##### PROVIDED DATA

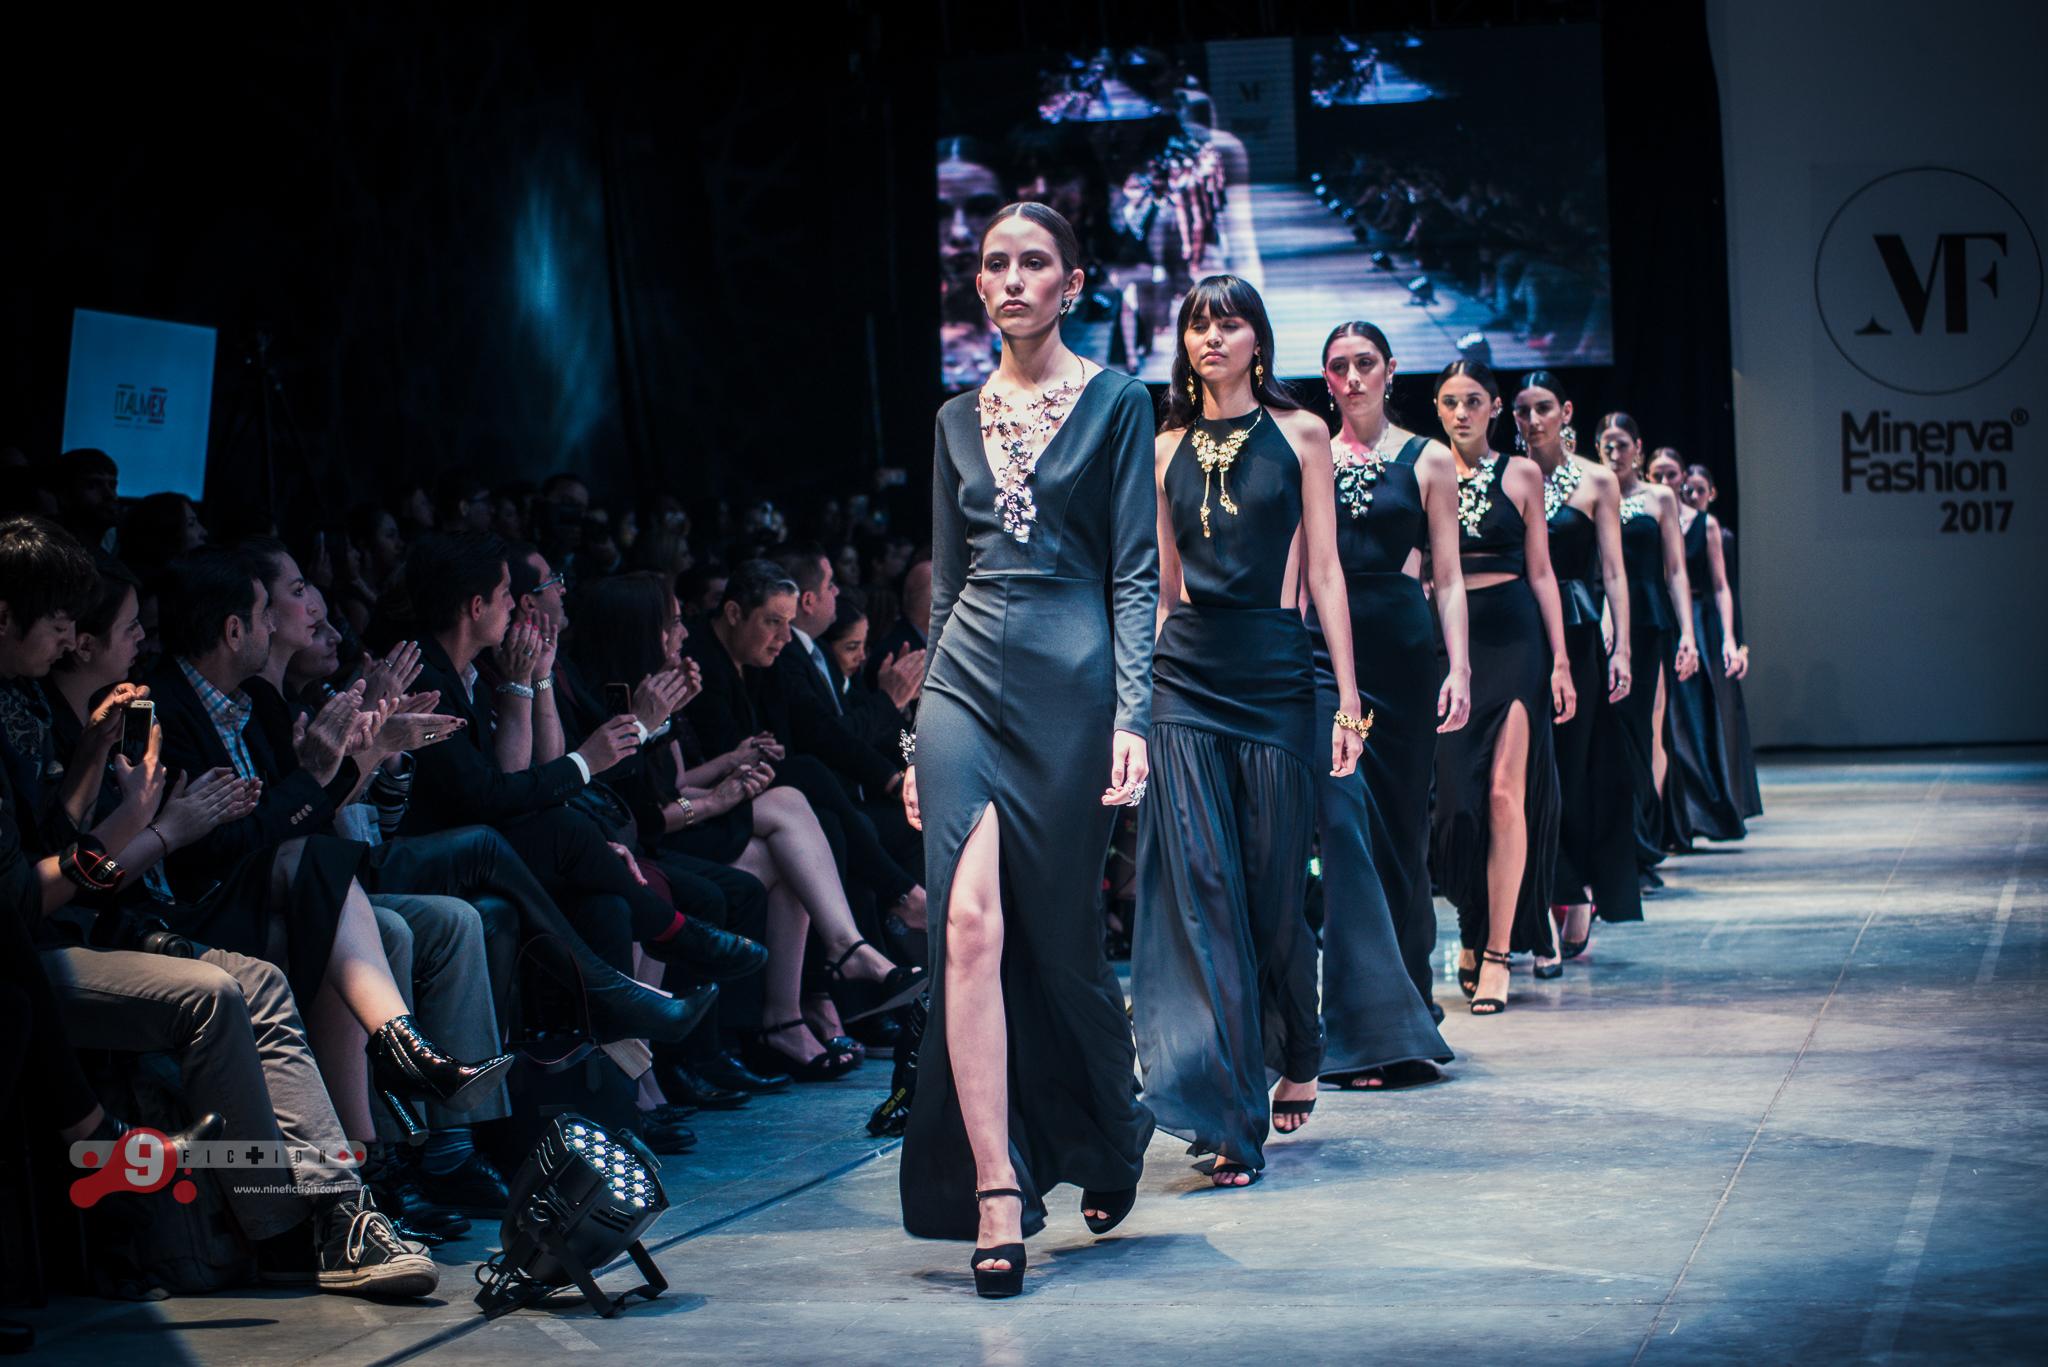 Minerva Fashion 2017 - Desfilia - 031017 - Nine Fiction - Foto - Carlos Rojo -42
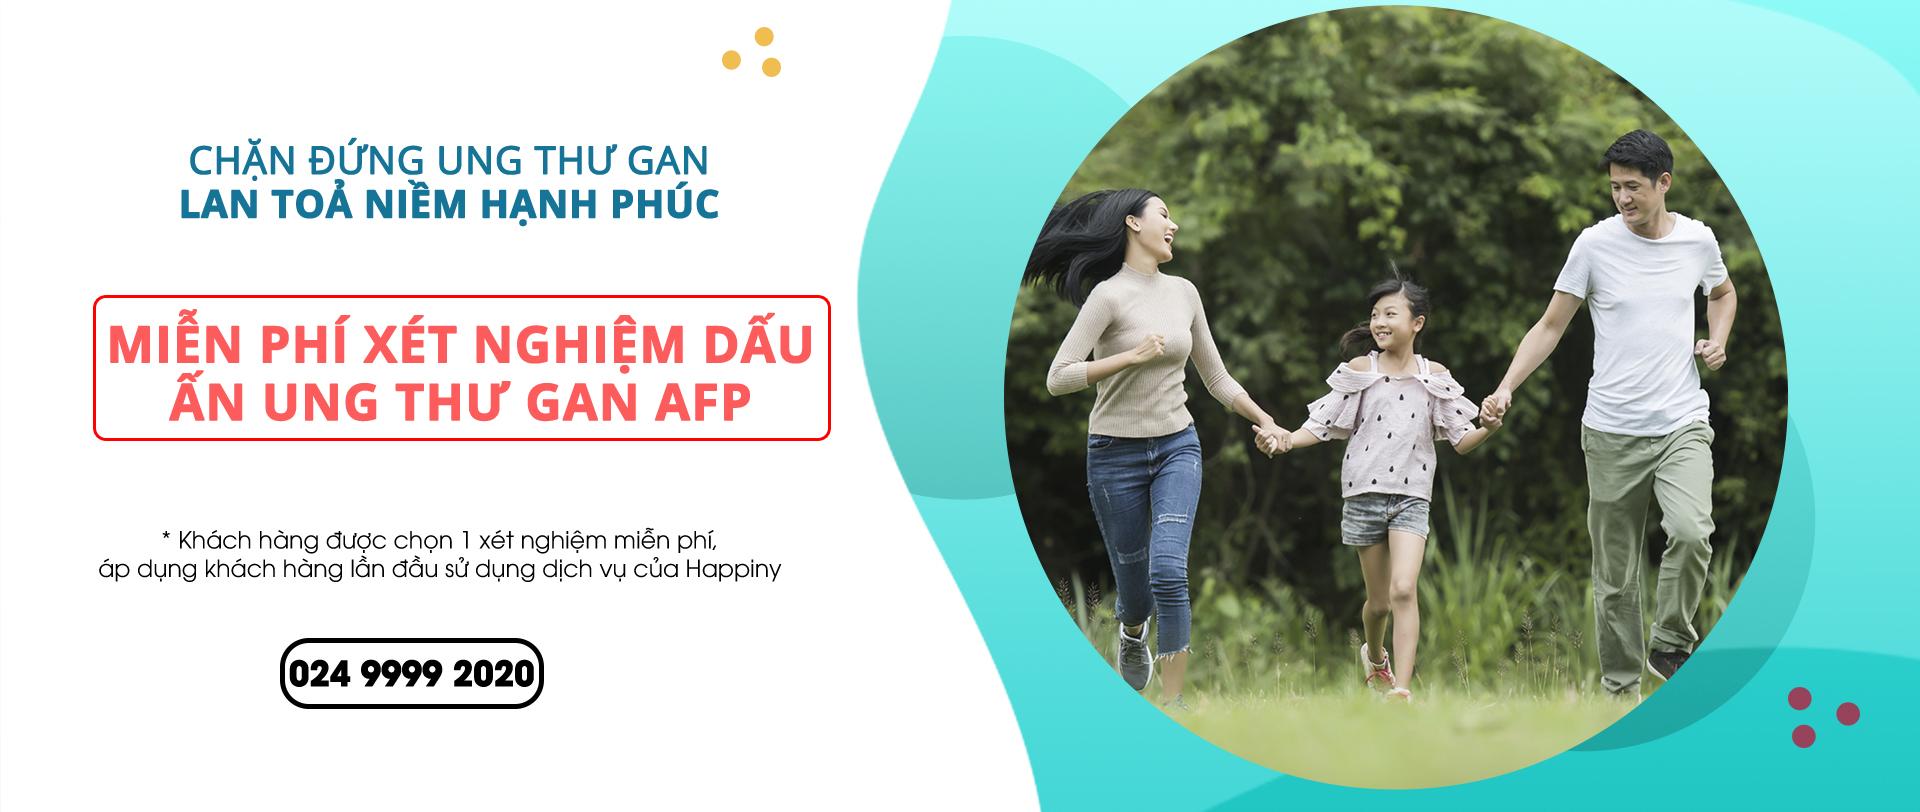 Happiny: Miến phí xét nghiệm dấu ấn ung thư gan AFP
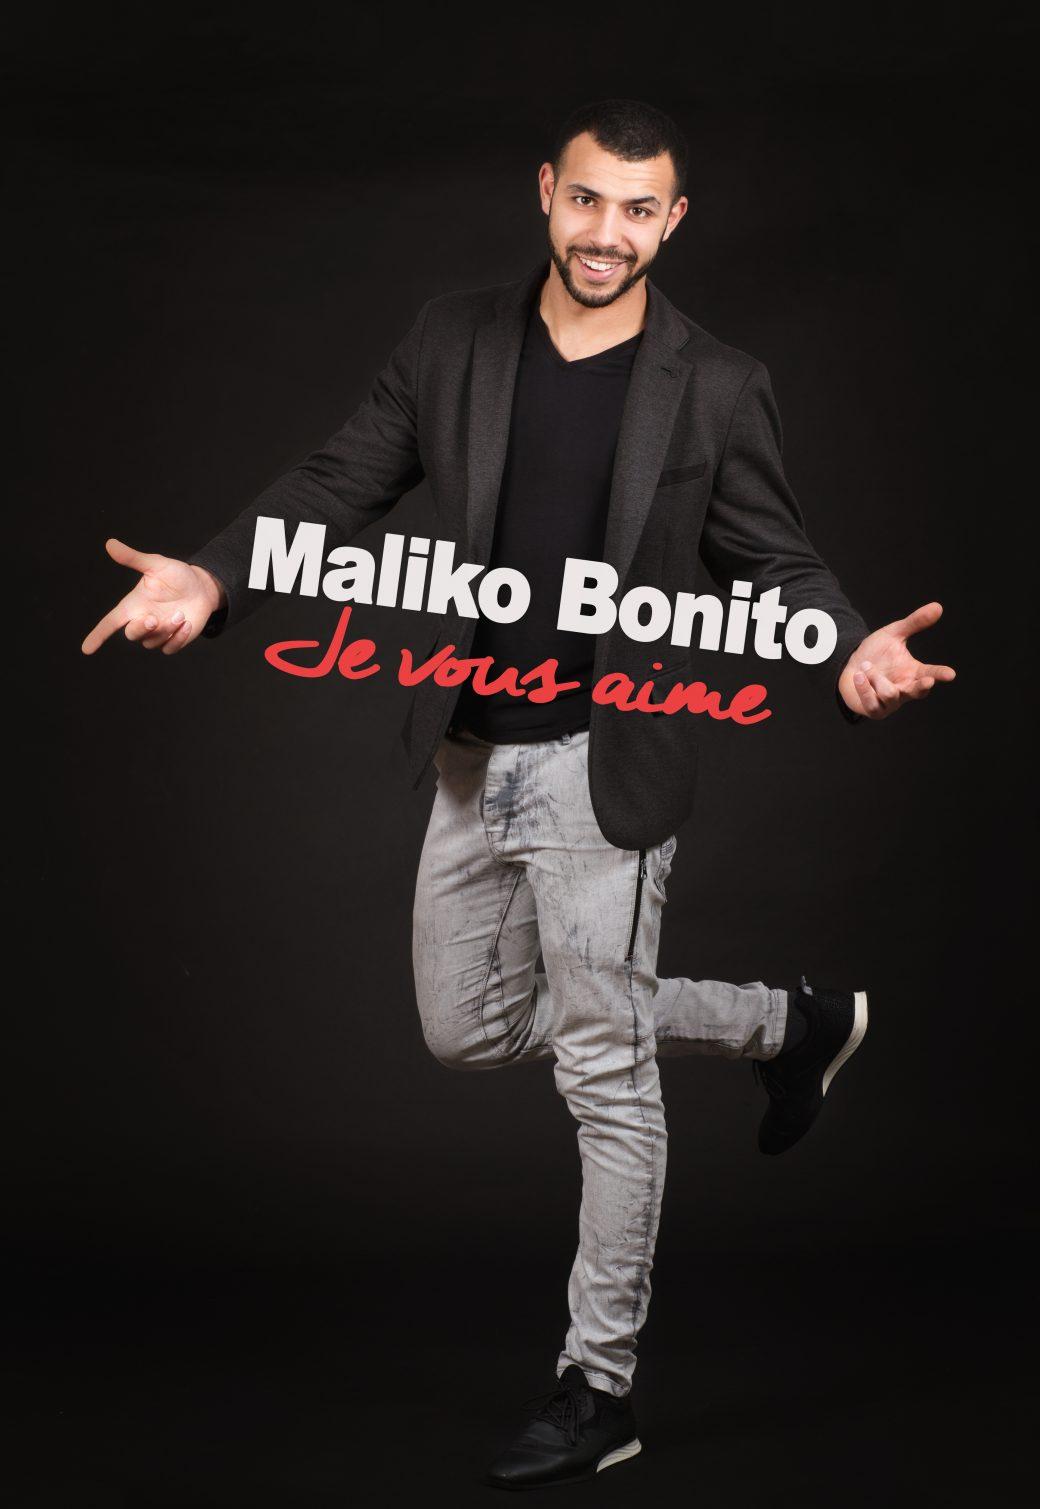 Maliko Bonito, Malik, Malik Fares, je vous aime

##########

[WHAT THE EXERCISE ASKS]
Starting where a line contains "Happiny: Miến phí" and finishing at the last line above, set down every line exactly as it reads, with no pictures.

[SOLUTION BELOW]
 Happiny: Miến phí xét nghiệm dấu ấn ung thư gan AFP
 Maliko Bonito, Malik, Malik Fares, je vous aime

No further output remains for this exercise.